Exercise materials Block Start
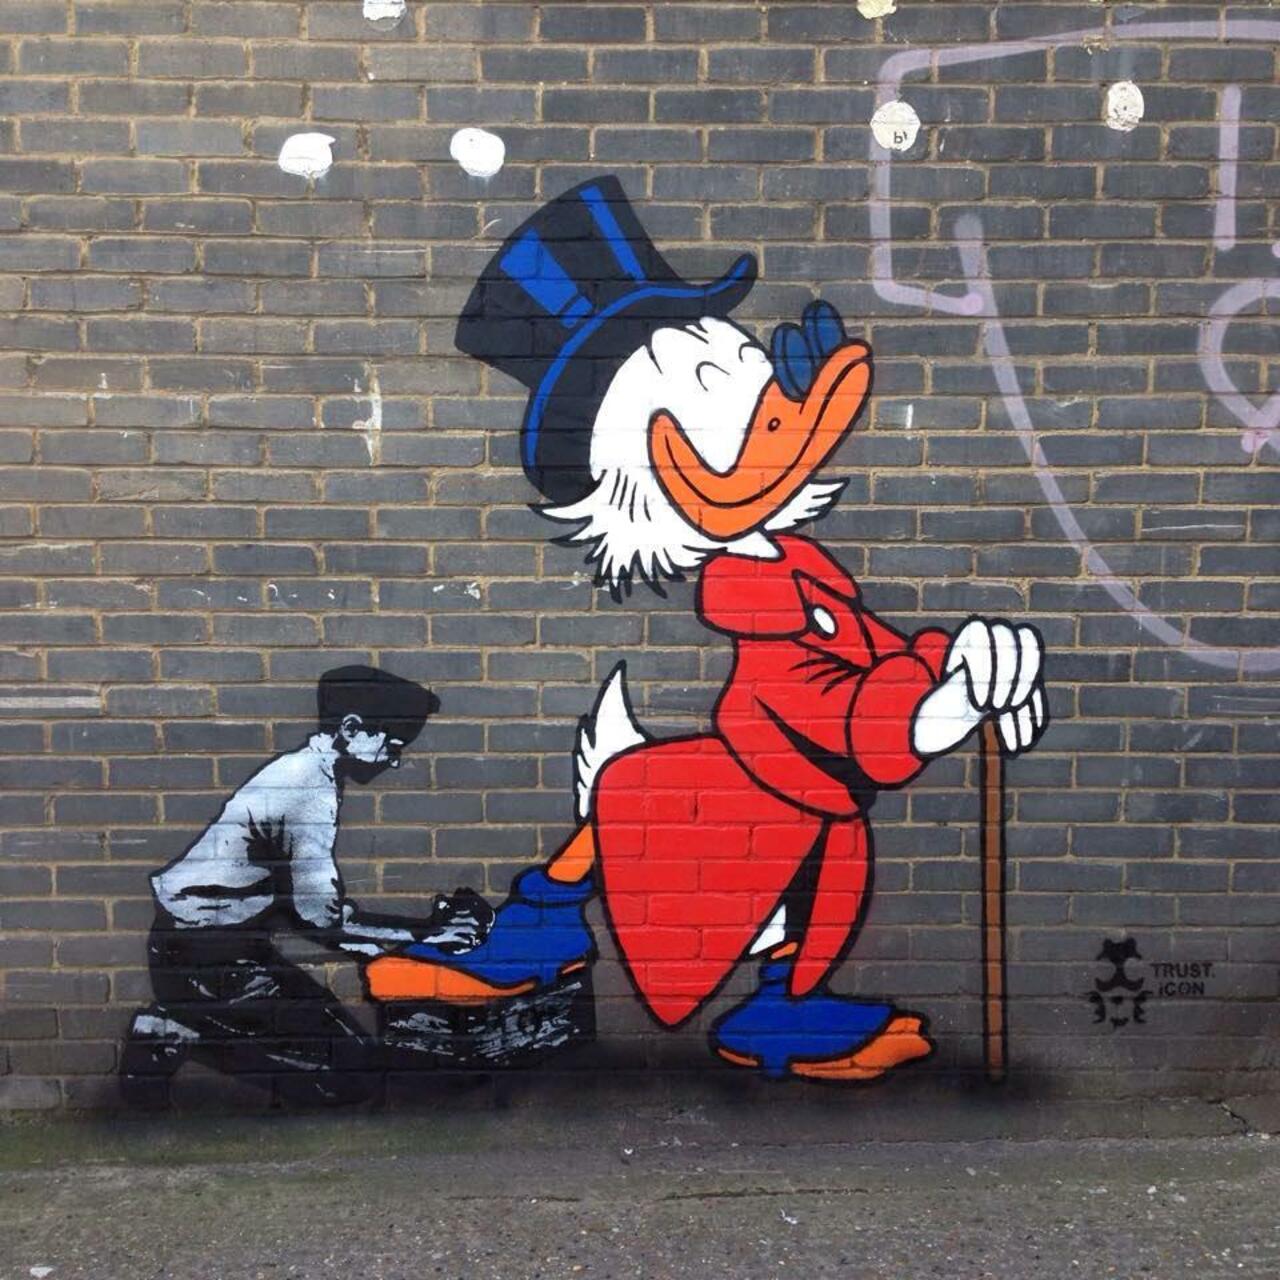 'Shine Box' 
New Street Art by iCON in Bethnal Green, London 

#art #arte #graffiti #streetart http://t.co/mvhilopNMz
Exercise materials Block End
Exercise materials Block Start
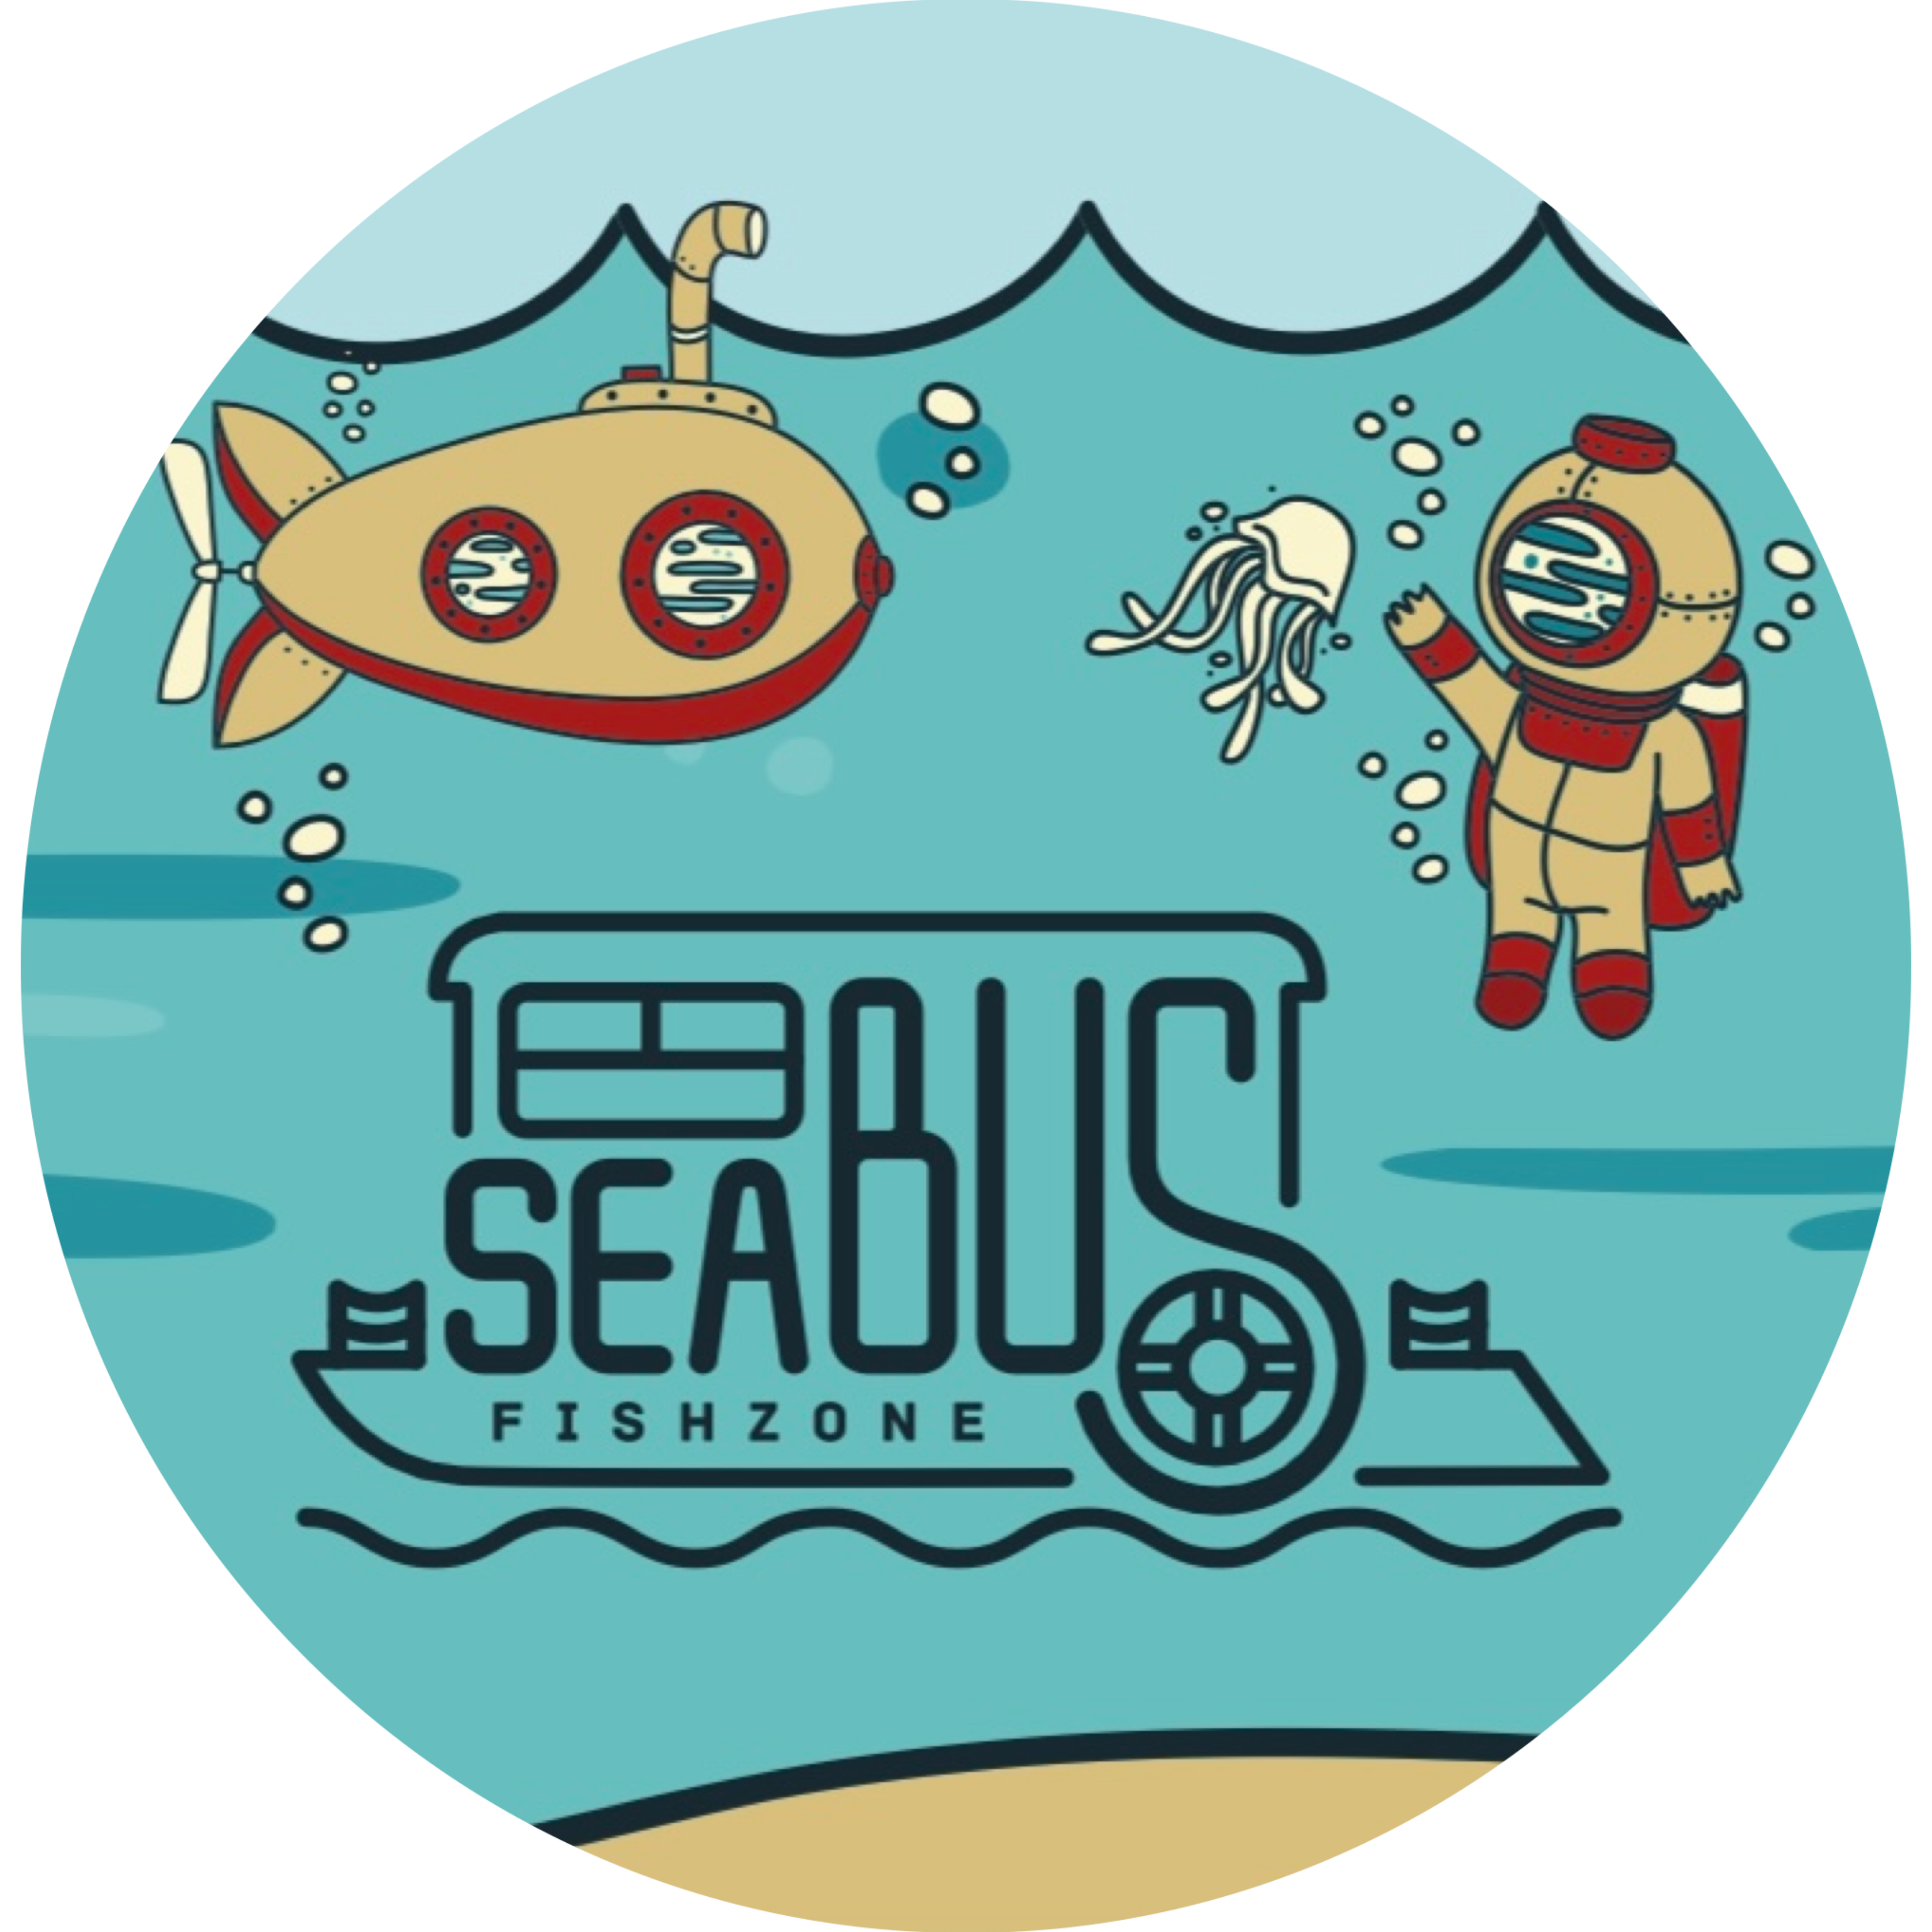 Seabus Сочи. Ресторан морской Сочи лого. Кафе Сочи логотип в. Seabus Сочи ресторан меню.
Exercise materials Block End
▸ Try it:
Reproduce only the lines above spanning from the line containing "New Street Art" through the line containing "#art #arte #graffiti", word for word.

▸ Output for this exercise:
New Street Art by iCON in Bethnal Green, London 

#art #arte #graffiti #streetart http://t.co/mvhilopNMz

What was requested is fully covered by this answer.